Pfizer anuncia que resultado final do teste clínico da vacina mostra eficácia de 95%

Pfizer vai solicitar a autorização de comercialização dentro de alguns dias à Administração de Alimentos e Medicamentos (FDA) dos Estados Unidos

A vacina desenvolvida pela aliança Pfizer/BioNTech tem uma eficácia de 95% na prevenção da covid-19, de acordo com os resultados finais completos do teste clínico em larga escala, anunciaram as duas empresas num comunicado conjunto divulgado nesta quarta-feira.

"Os resultados do estudo marcam um passo importante nesta jornada histórica de oito meses para apresentar uma vacina capaz de ajudar a acabar com esta pandemia devastadora", afirmou Albert Bourla, CEO da Pfizer.

Esta notícia surge uma semana depois de a gigante farmacêutica norte-americana ter anunciado os resultados preliminares da fase final dos testes clínicos, que mostravam que a vacina que desenvolveu com juntamente com a alemã BioNTech apresentava mais de 90% de eficácia após a segunda dose.

A empresa solicitará a autorização de comercialização dentro de alguns dias à Administração de Alimentos e Medicamentos (FDA) dos Estados Unidos. "Estamos muito perto de solicitar uma autorização de utilização de emergência", disse Bourla.

A Pfizer já tinha anunciado que espera entrar em contacto com a FDA, a autoridade de segurança alimentar e de medicamentos nos EUA, para solicitar uma autorização de utilização de emergência até à terceira semana de novembro, o que significa que o anúncio pode demorar alguns dias.

O FDA impôs aos fabricantes de vacinas covid-19 a exigência de pelo menos dois meses de acompanhamento com voluntários após a segunda dose, tomada 28 dias após a primeira, para garantir que os medicamentos sejam seguros.

Vacina da Moderna com quase 95% de eficácia

Na segunda-feira, a Moderna e o Instituto Nacional de Saúde dos Estados Unidos anunciaram resultados preliminares semelhantes em relação ao ensaios clínicos da vacina que estão a desenvolver, referindo que o fármaco foi quase 95% eficaz contra a infeção pelo novo coronavírus.

Ambos usam a tecnologia de mRNA (ácido ribonucleico mensageiro) para entregar material genético ao corpo que faz com que as células humanas criem uma proteína a partir do vírus.

Isso treina o sistema imunológico para estar pronto para atacar caso detete o SARS-CoV-2, responsável pela covid-19.

Haverá doses suficientes para imunizar 20 milhões de norte-americanos em dezembro

Outras vacinas que estão na fase final de ensaios clínicos, como a que está a ser desenvolvida pela Johnson & Johnson e outra pela Universidade de Oxford, em parceria com a AstraZeneca, usam vírus modificados para fornecer material genético para o mesmo propósito.

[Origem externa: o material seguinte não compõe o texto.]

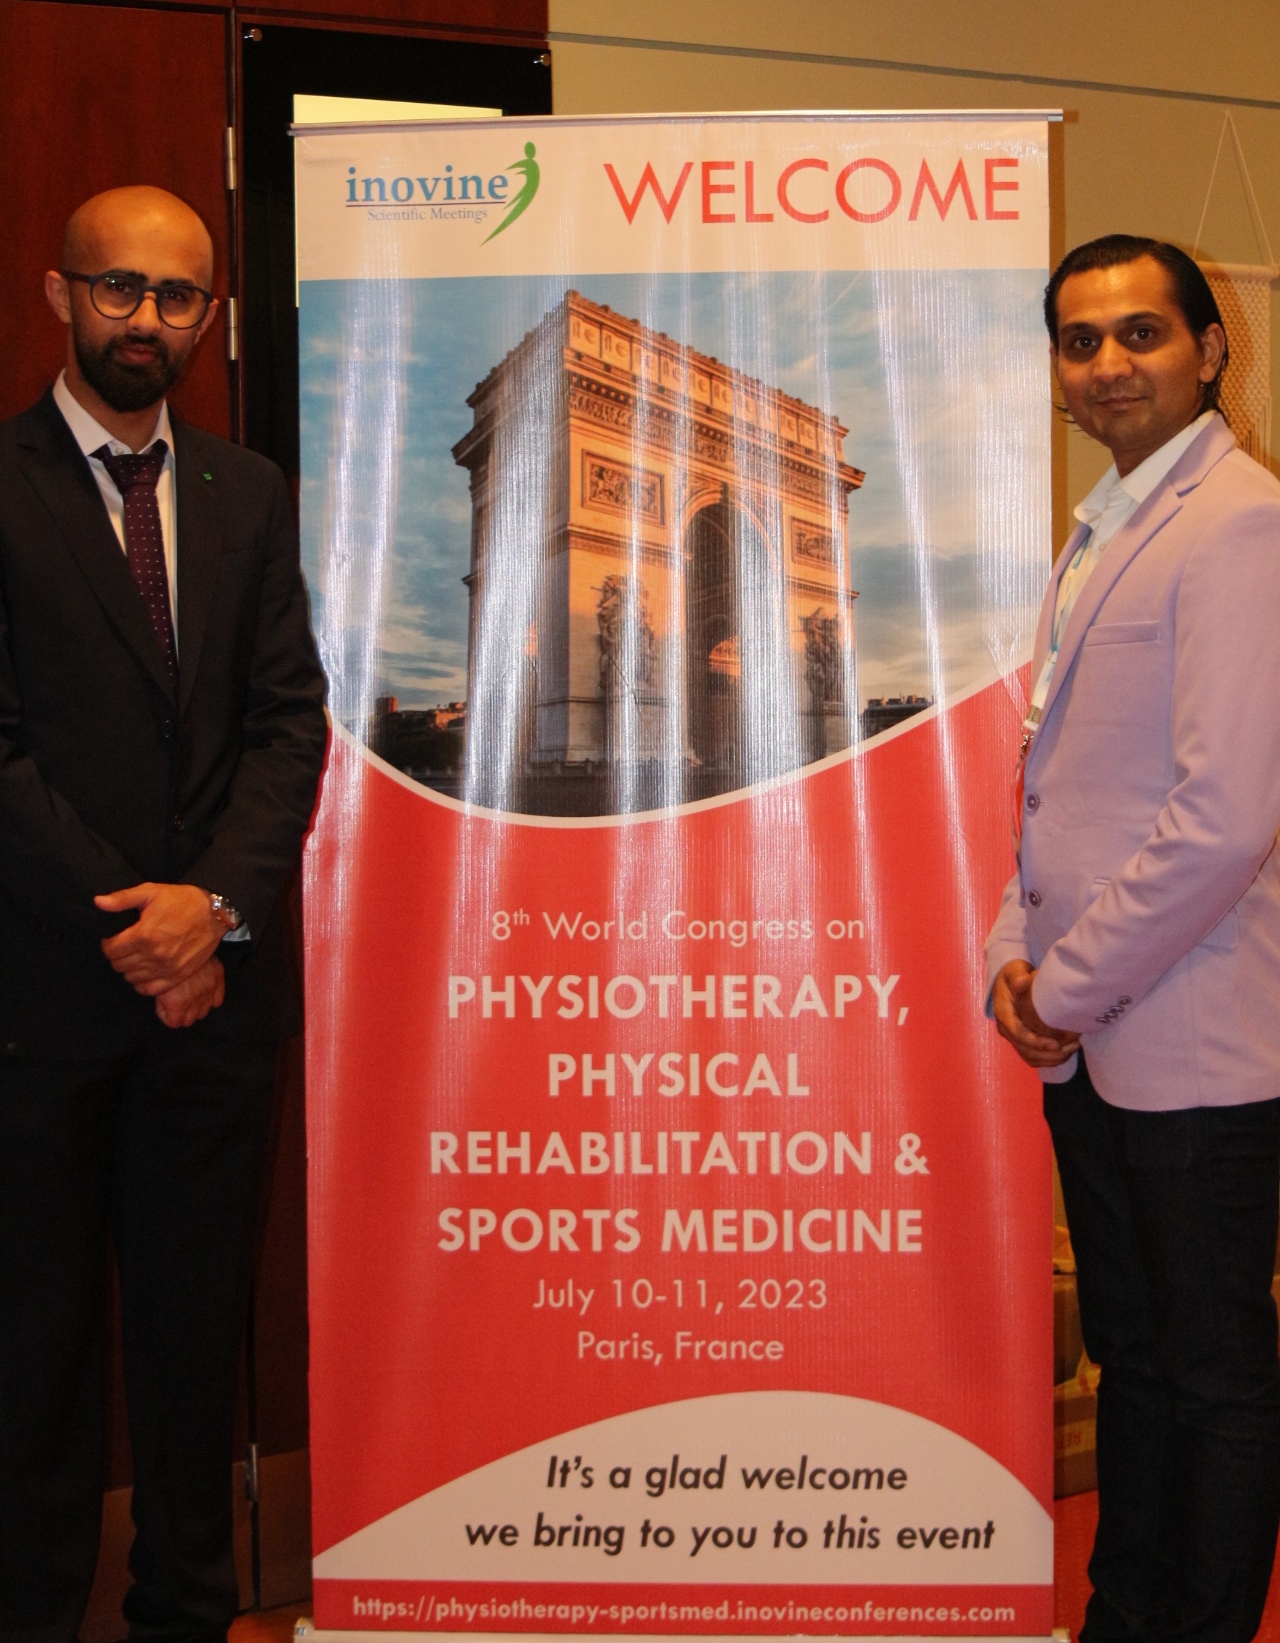 World Physiotherapy Conferene 2022, Dubai

Nenhuma vacina de mRNA foi aprovada, mas Anthony Fauci, o principal cientista de doenças infecciosas dos Estados Unidos, disse à AFP na terça-feira que a tecnologia agora "estabeleceu-se".

Bourla disse ao site de notícias de saúde Stat que estava aliviado pelo sucesso de outra vacina e esperava que muitos mais entrassem na corrida porque a necessidade global é terrível.

A Moderna disse que espera candidatar-se a uma autorização de ultilização de emergência até 25 de novembro.

Depois da solicitação das empresas, estas autorizações especiais podem ser aprovadas no espaço de semanas.

Moncef Slaoui, chefe da Operação Warp Speed ​​do governo dos EUA para o desenvolvimento de vacinas e tratamento, disse que espera a aprovação na primeira quinzena de dezembro.

Como as empresas financiadas pelo governo já fabricam as suas doses antes da aprovação, Slaoui diz que haverá o suficiente entre a Pfizer e a Moderna para imunizar 20 milhões de norte-americanos em dezembro.